I have done a better job in the the kitchen drawer with forty-some spice bottles, each with a little label on top, "galanga", "cardamom (black pods)", or "gumbo filé". No fancy taxonomy, not even alphabetization, just the names, and it's enough. However, the little cabinet with drawers full of nuts, bolts, screws, washers, hinges, and the rest does need more attention, as the lack of labels threatens to turn every minor repair job into a hardware safari.

But there are whole domains in which convenient labels are precisely what we don't need, most of them having to do with human identity: politics, or sexual preferences, or religious beliefs, certainly. Aesthetics, music. Real music can be messy and ambiguous, and the best of music is usually both. I find that the utility of a tonal analysis, for example, often reaches its maximum at precisely the point in which one cannot honestly decide between alternative descriptions.

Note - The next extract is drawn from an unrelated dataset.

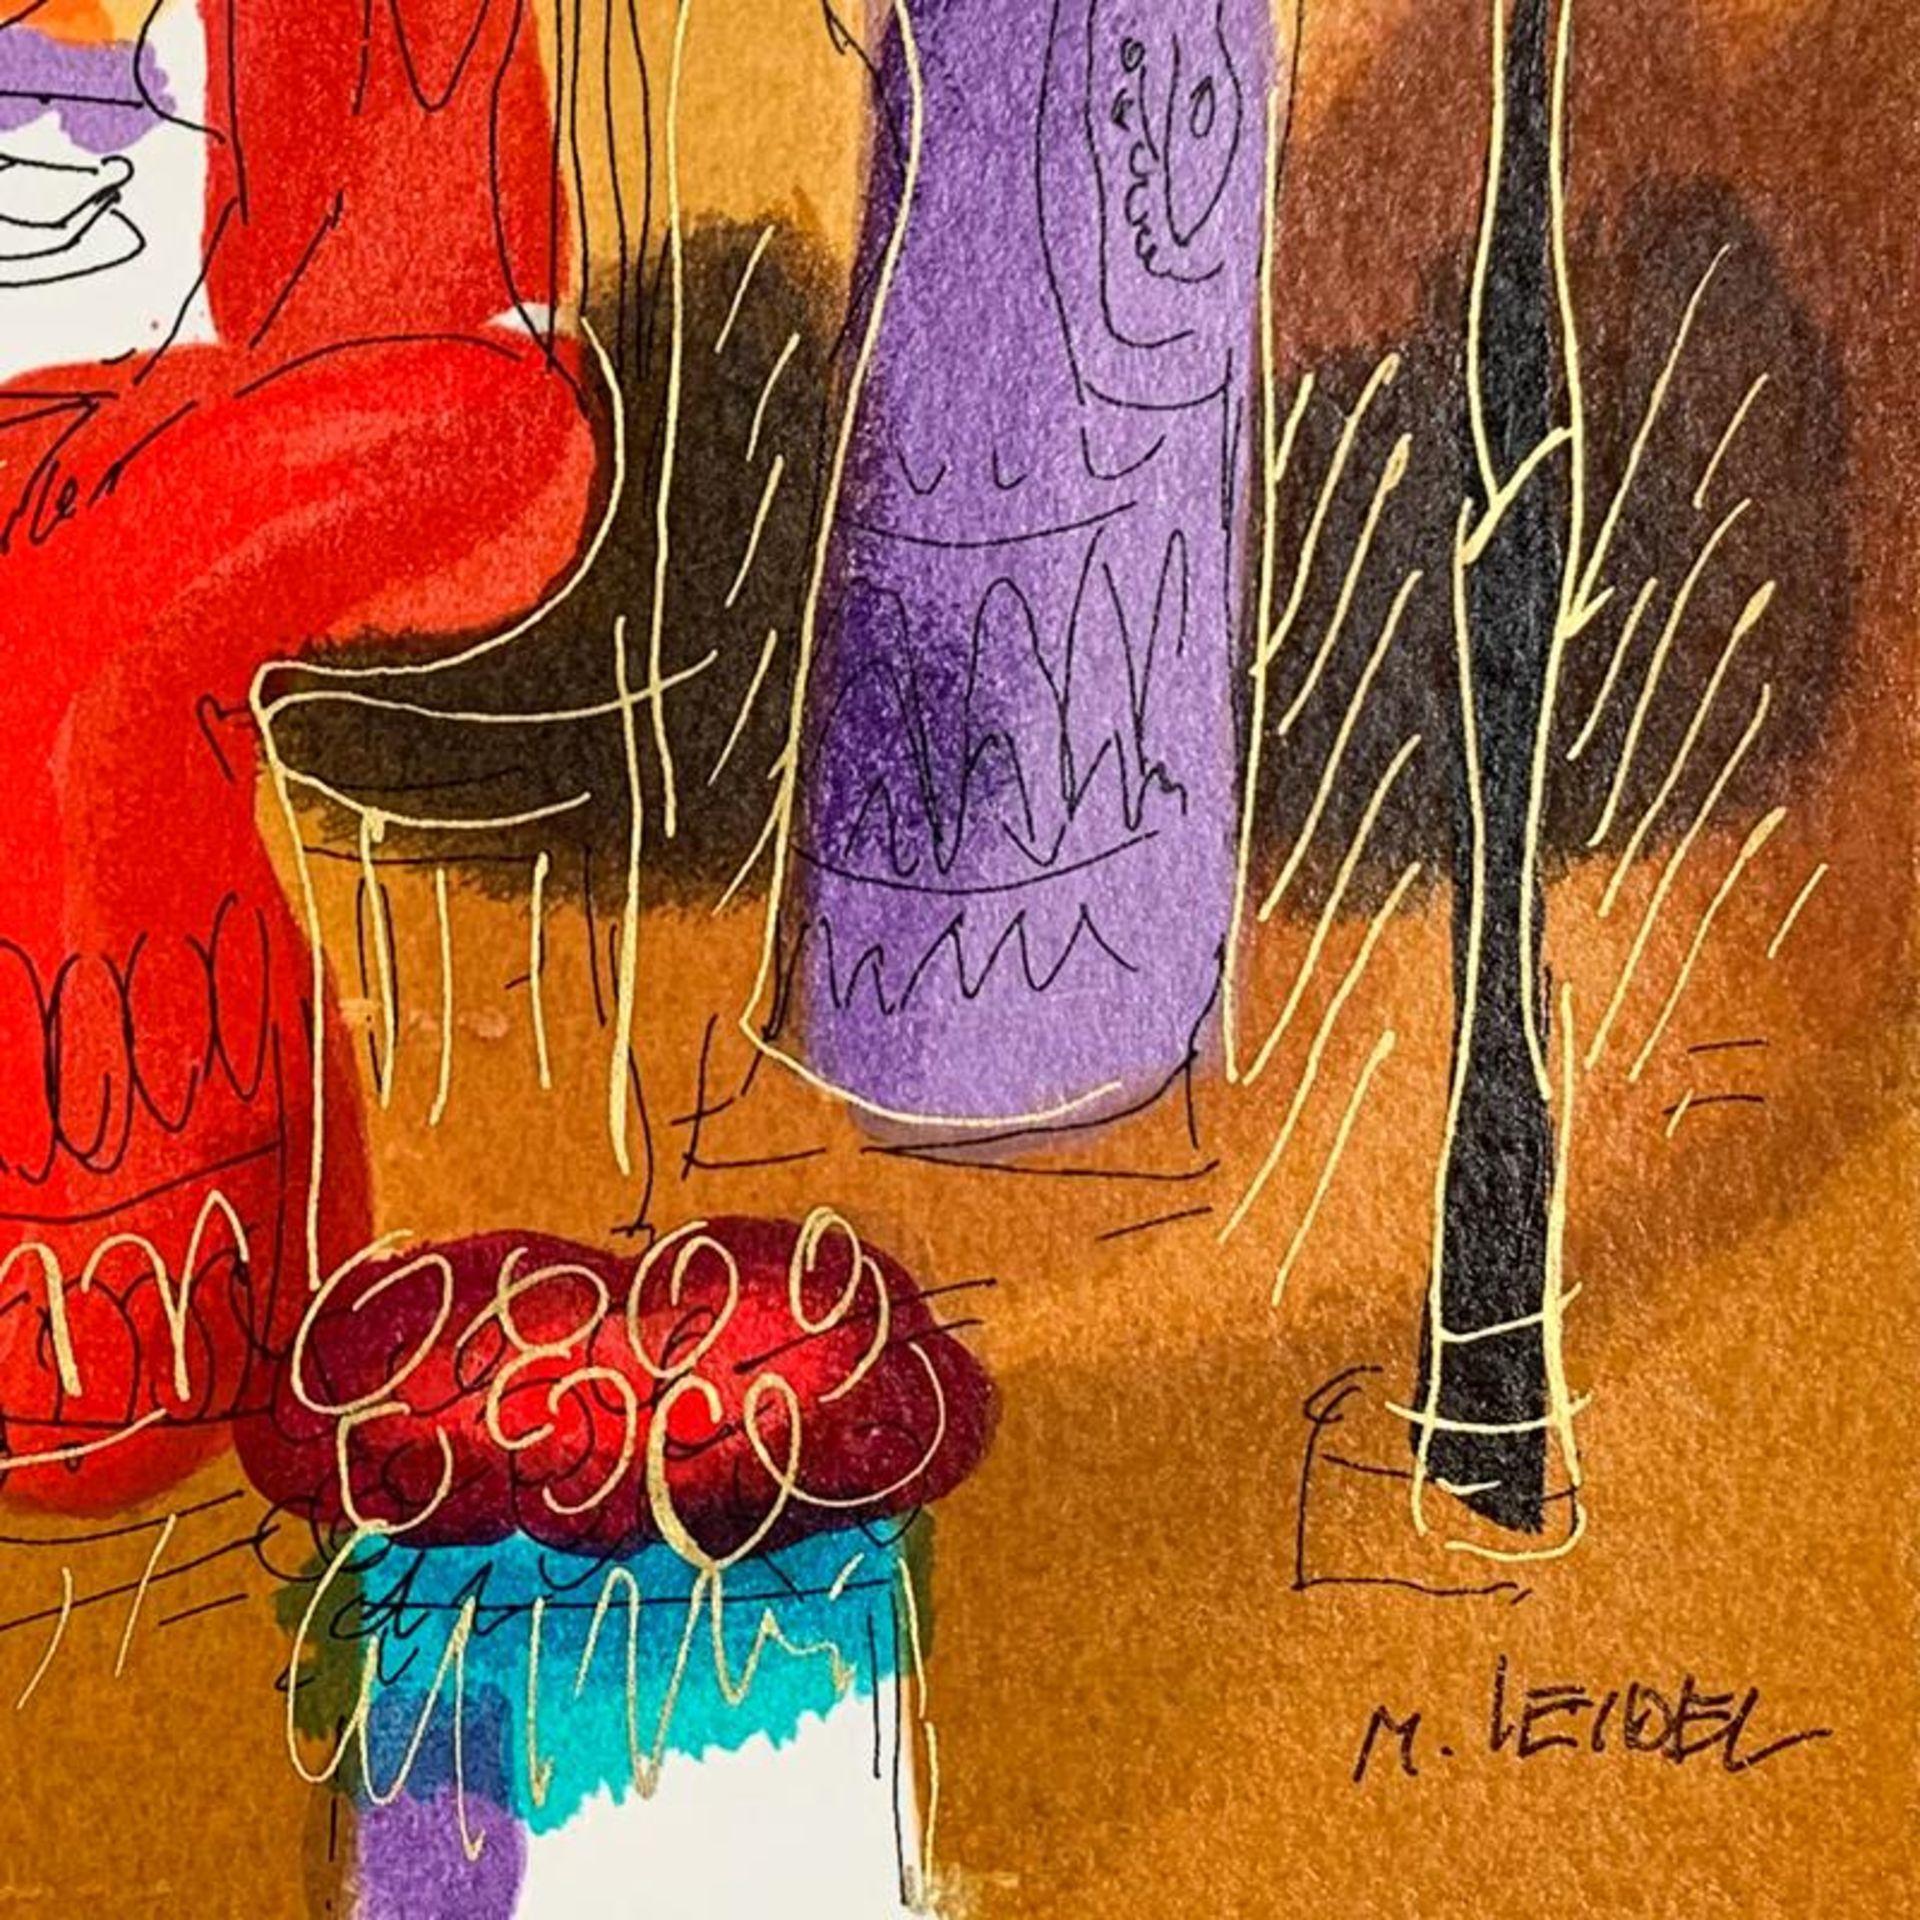 Untitled III by Leider, Moshe - Image 2 of 2

(I've been trying for months to write an item about Sibelius's Fourth and Seventh Symphonies. But each time I try a label on for one feature or another, it vanishes, like sand between fingers. His inventions -- melodic, textural, formal -- are real and abundant, but they are always elusive, not wanting to be pinned down in one way or another. With Sibelius, it's like hit-and-run driving: you never hear anything coming, and once its gone, you're never quite sure what hit you. The only certainty is that you've been hit).

A piece of music, or a work of art, or a person: complicated, contradictory, frustratingly and joyously refusing to let any label stick. I can't imagine a better state of affairs.